Kiedy 10-letnia Małgosia wróciła z obozu artystycznego, okazało się, że jedno z dzieci, z którymi tam była, jest zakażone koronawirusem. Jej test też dał wynik pozytywny. Od tamtej pory dziewczynka jest w kwarantannie. Minęło już 50 dni, a wyniki kolejnych testów wciąż są pozytywne. Według polskich przepisów Małgosia będzie mogła opuścić kwarantannę dopiero po otrzymaniu dwóch negatywnych wyników.
Sytuację opisała pani Katarzyna Nowaczewska-Manthey, mama dziewczynki, która skontaktowała się z redakcją Kontaktu 24. Rodzina mieszka w Bydgoszczy. To tam Małgosia przechodzi kwarantannę.

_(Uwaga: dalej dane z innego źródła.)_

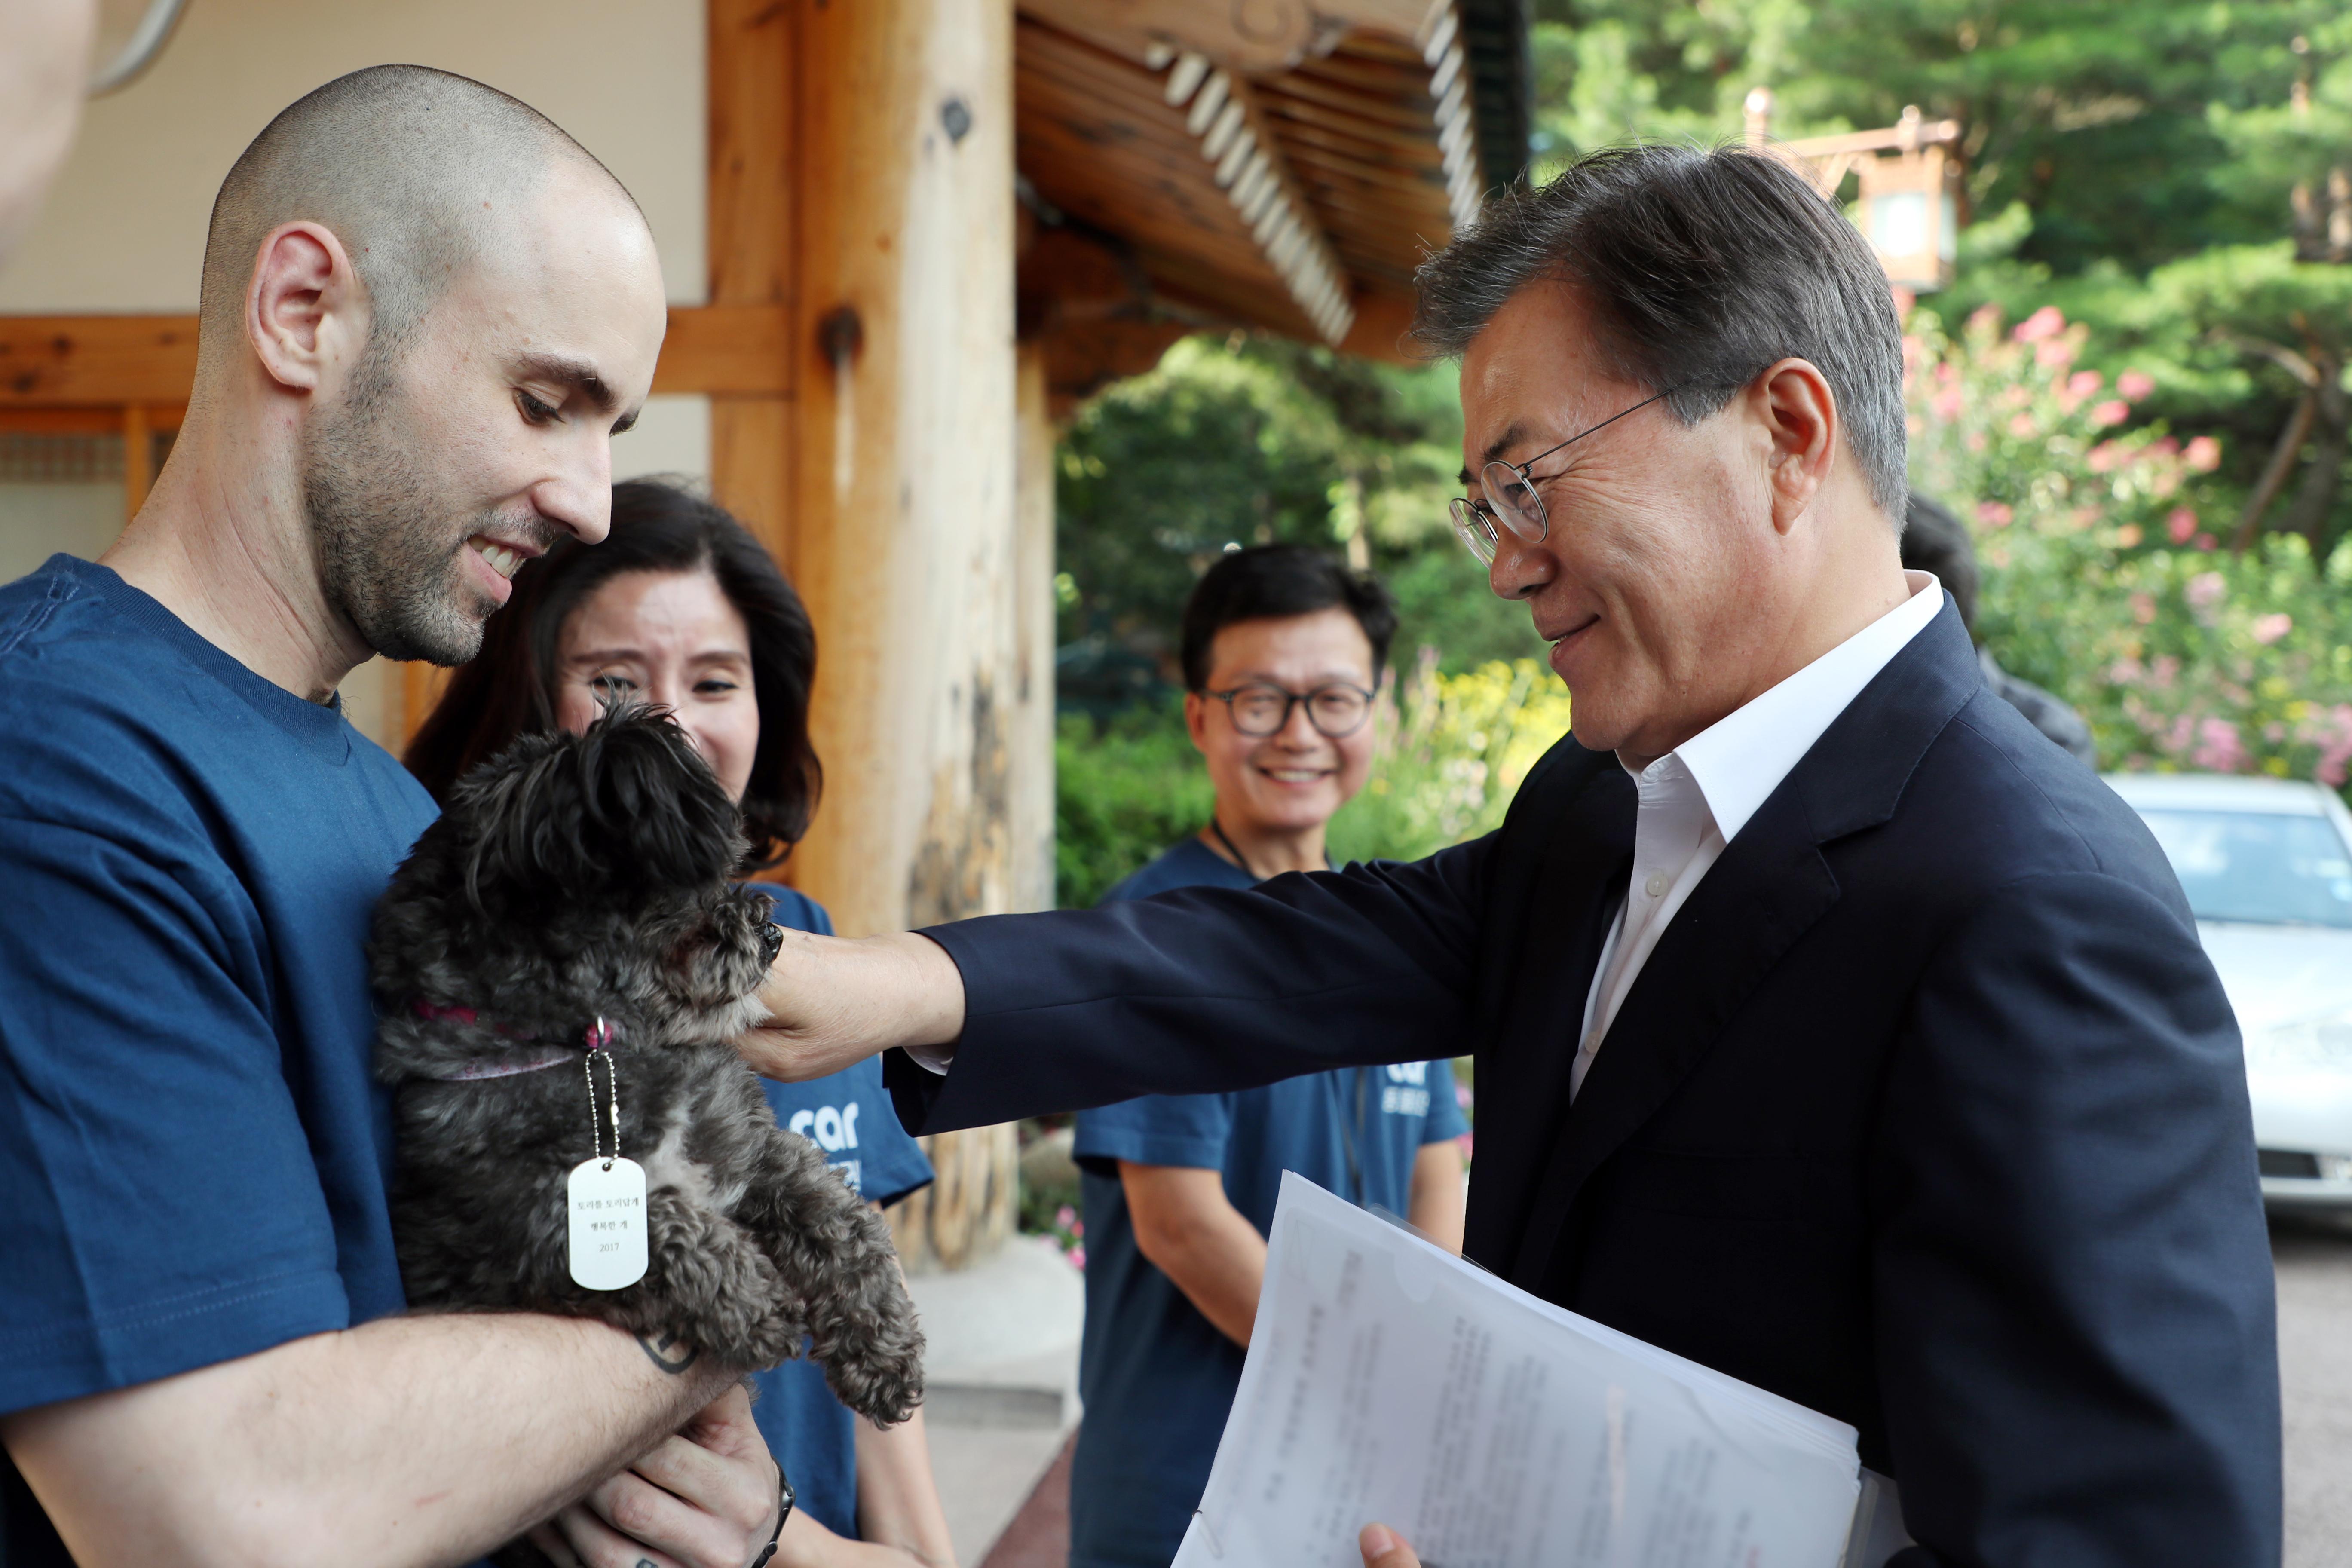 문재인 대통령이 26일 오후 청와대에서 동물단체 '케어'로 부터 유기견이었던 '토리'를 맞이하고 있다.

Wszystko zaczęło się kilka tygodni wcześniej. Małgosia od 28 czerwca do 7 lipca była na obozie artystycznym w Rabce-Zdroju (woj. małopolskie). Po powrocie okazało się, że jedno z dzieci, które było na obozie, jest zakażone koronawirusem. 10-latka i jej mama zostały więc skierowane na kwarantannę.

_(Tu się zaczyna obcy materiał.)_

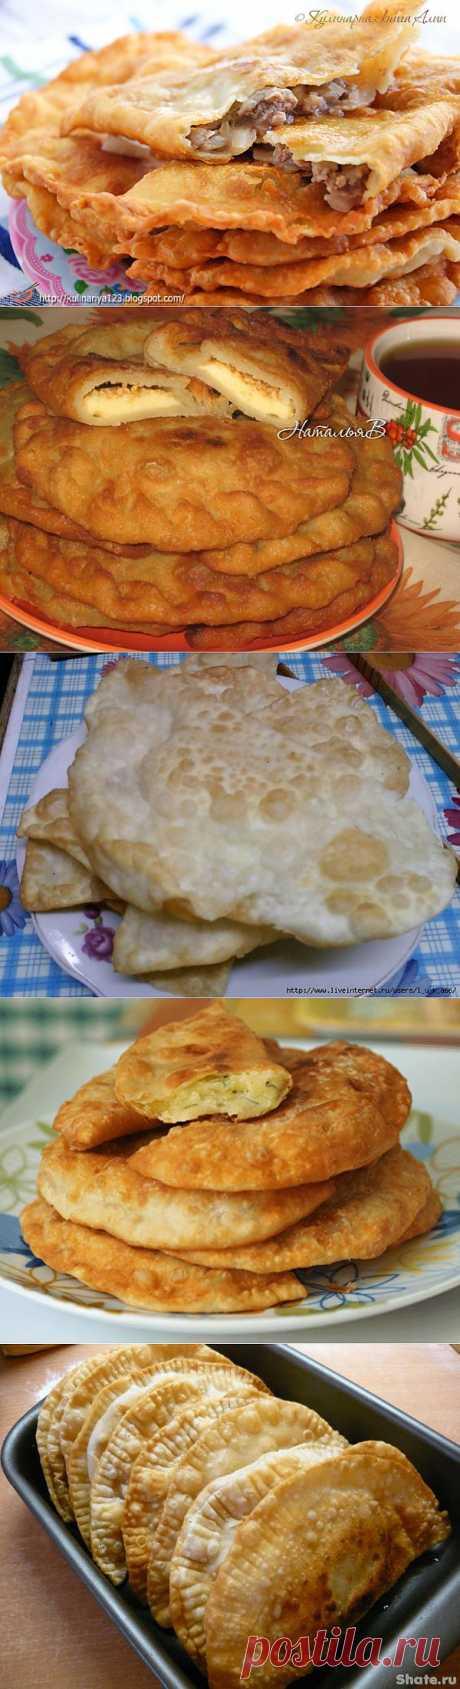 Такие разные, но такие вкусные! Чебуреки - рецепты приготовления..

- Pierwszy test Małgosi z 13 lipca wskazał wynik pozytywny. 15 lipca gorączkowała przez pół dnia, dlatego sanepid wysłał nas do szpitala, w którym przebywałyśmy do 20 lipca - przekazała pani Katarzyna.

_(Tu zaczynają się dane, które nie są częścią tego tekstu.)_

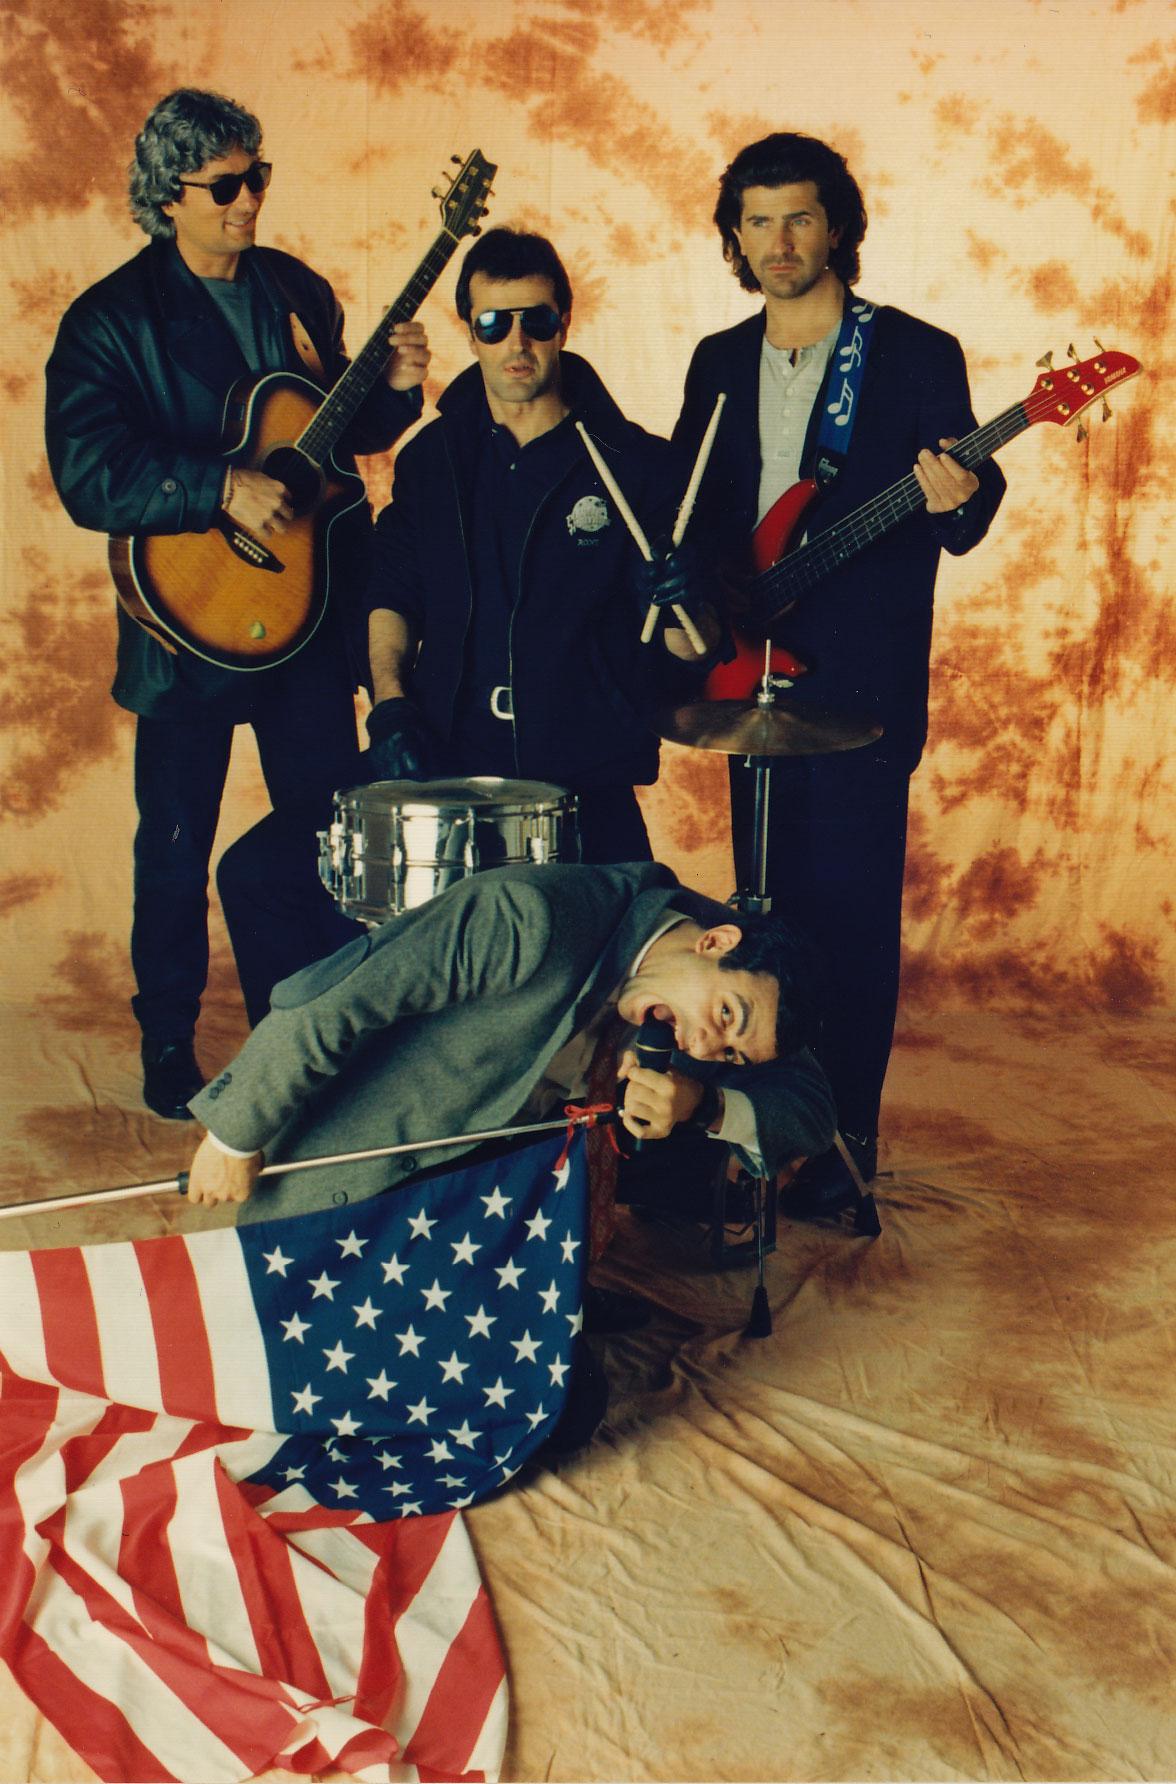 I migliori sosia: una band!

"Zaczynam 50. dzień kwarantanny"
Kobieta z córką wróciły w końcu do domu. Kolejne testy pokazały, że pani Katarzyna nie ma koronawirusa. Z kolei wyniki Małgosi nadal pokazują, że dziewczynka wciąż jest zakażona. We wtorek przyszedł kolejny wynik, znowu pozytywny.
- To już chyba siódmy wynik córki - mówi jej mama. - Dziś zaczynamy 50. dzień kwarantanny. Mnie już nie badają, ale córkę średnio co tydzień. Sanepid bardzo nam pomaga i często robi testy, ale niestety nie mogą nic zrobić, bo takie są procedury w Polsce - dodaje.
Pani Katarzyna mówi, że 10-latka źle to znosi.
- Ostatnio pojawił się u nas na ulicy taki lekarz-klaun, żeby rozbawić dziecko. Wtedy, pierwszy raz od siedmiu tygodni, pojawił się na jej buzi uśmiech - opowiada mama dziewczynki. - Córka odcięła się nawet od rozmów telefonicznych z koleżankami, każda informacja o spędzaniu wakacji przez koleżanki jest dla niej bardzo raniąca – dodaje kobieta.
Dopiero dwa negatywne wyniki testu pozwolą Małgosi wyjść z domu.
- Jest smutno - mówi dziewczynka. - Nie mogę się z koleżankami i z kolegami widzieć, robię jakieś fryzury, oglądam telewizję - dodaje.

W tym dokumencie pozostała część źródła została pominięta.